**Problem details**
Copy the data that follows exactly as it is, excluding all pictures.

**The data**
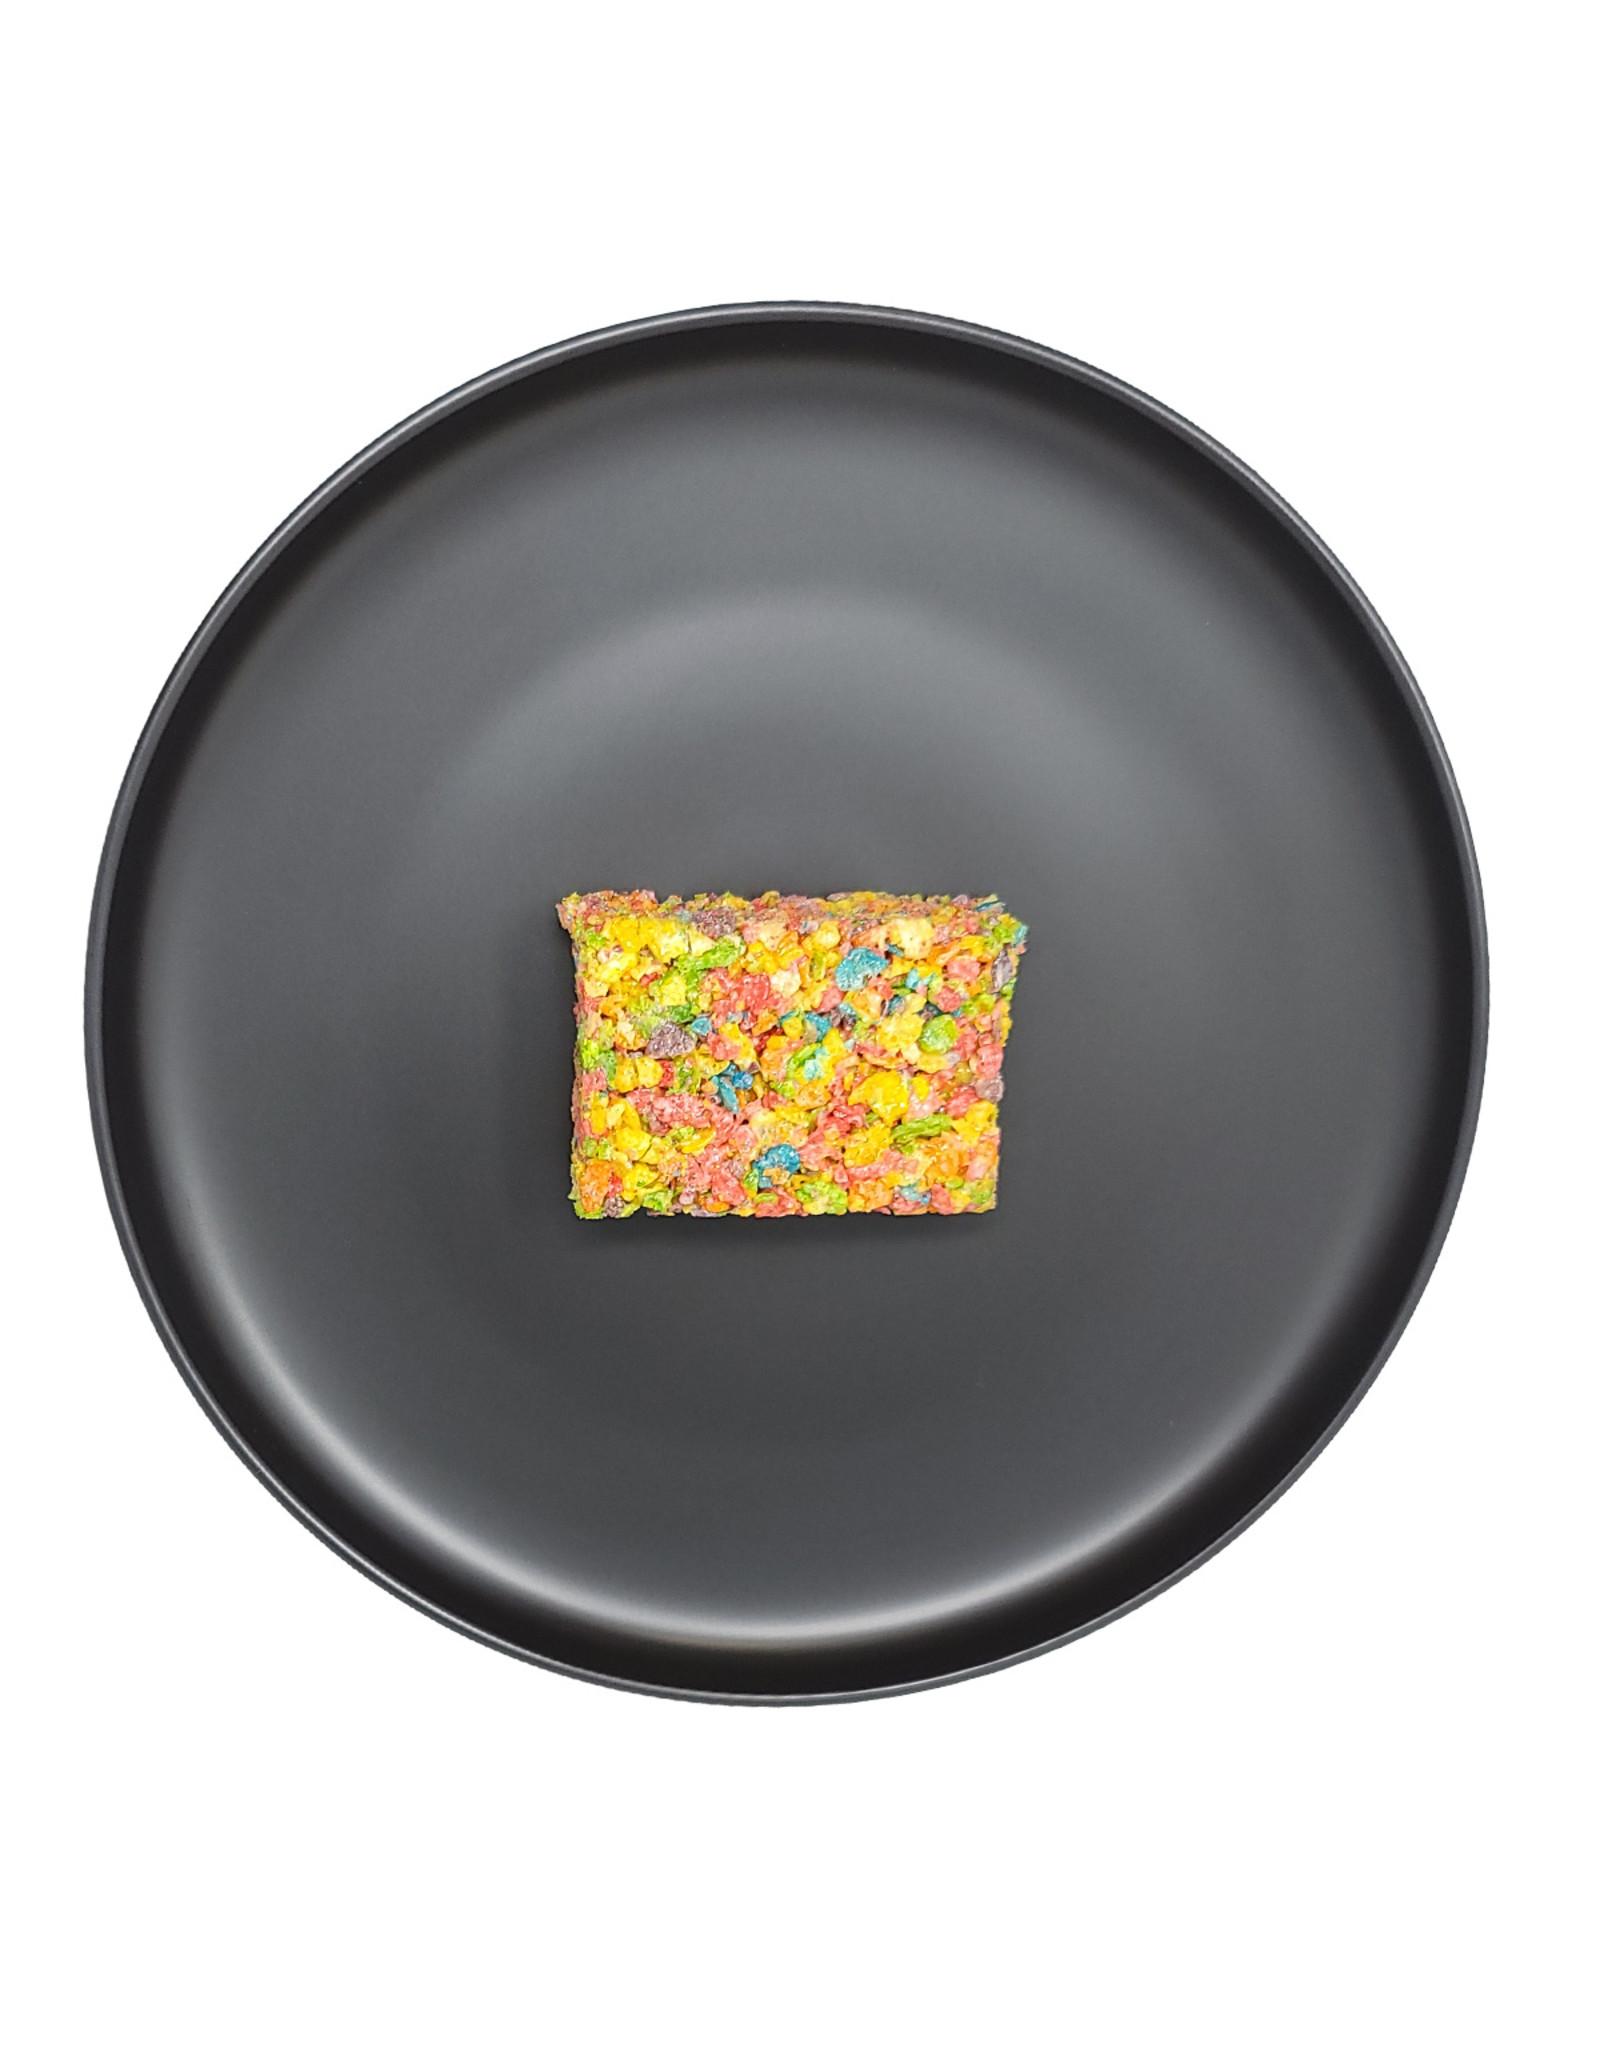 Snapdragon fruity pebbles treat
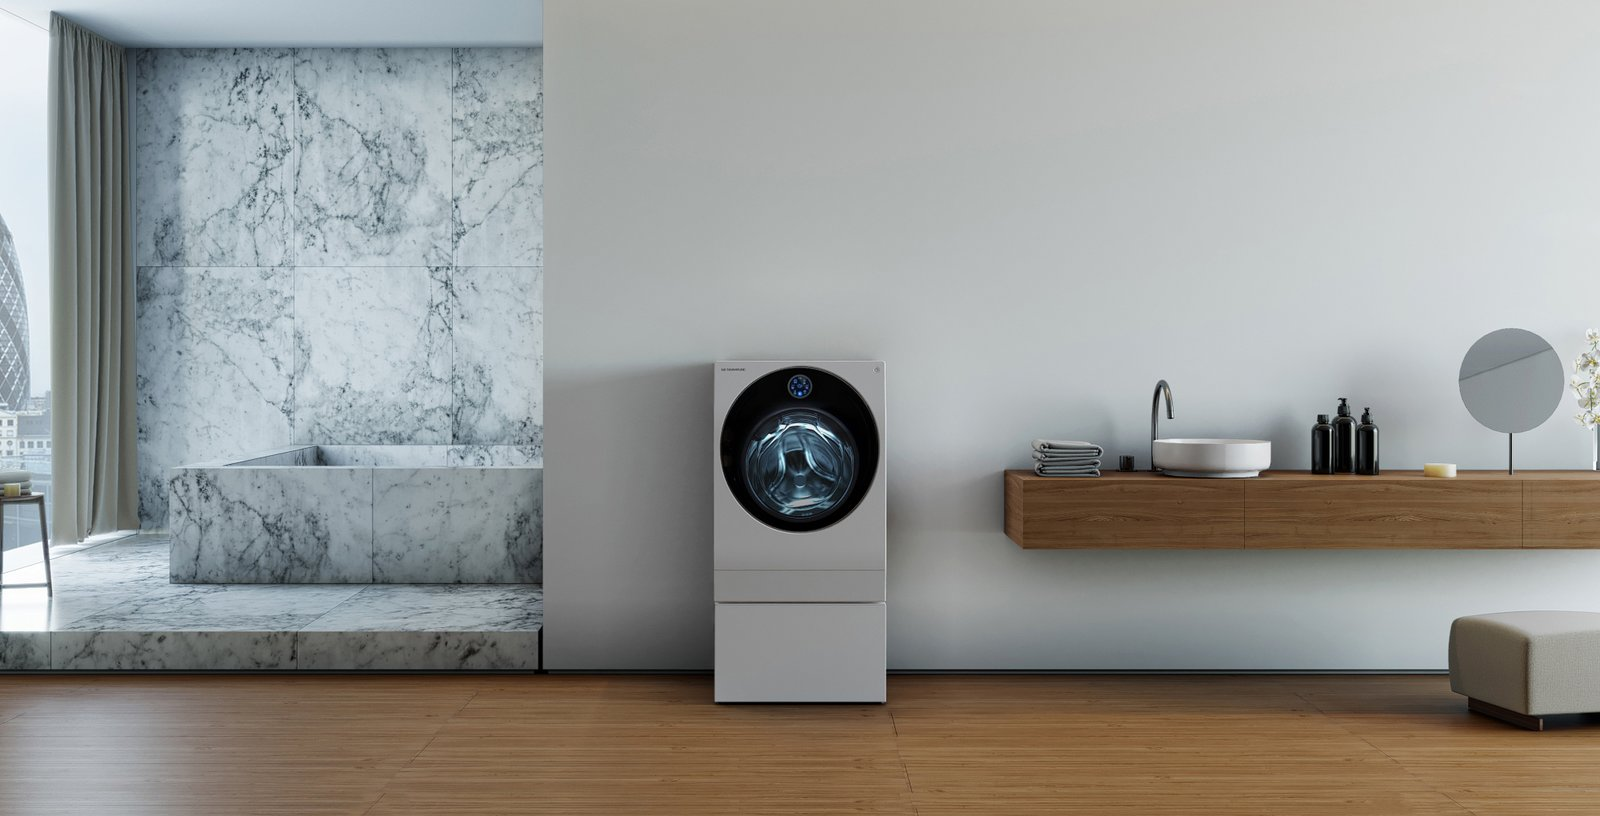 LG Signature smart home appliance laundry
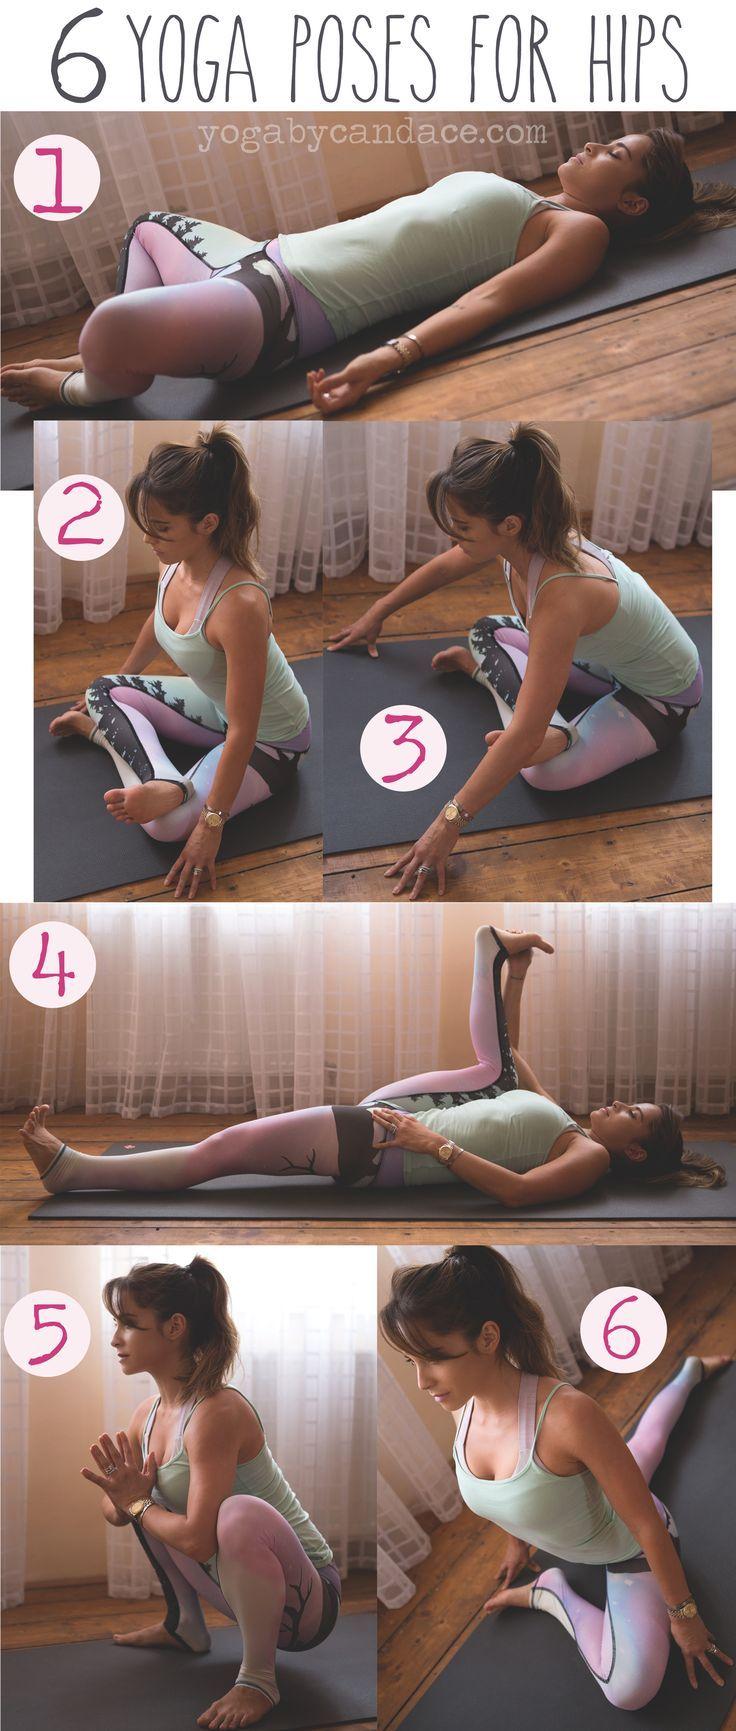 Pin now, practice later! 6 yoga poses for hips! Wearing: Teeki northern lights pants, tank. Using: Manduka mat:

**Expected output**
 Snapdragon fruity pebbles treat
 LG Signature smart home appliance laundry
 Pin now, practice later! 6 yoga poses for hips! Wearing: Teeki northern lights pants, tank. Using: Manduka mat:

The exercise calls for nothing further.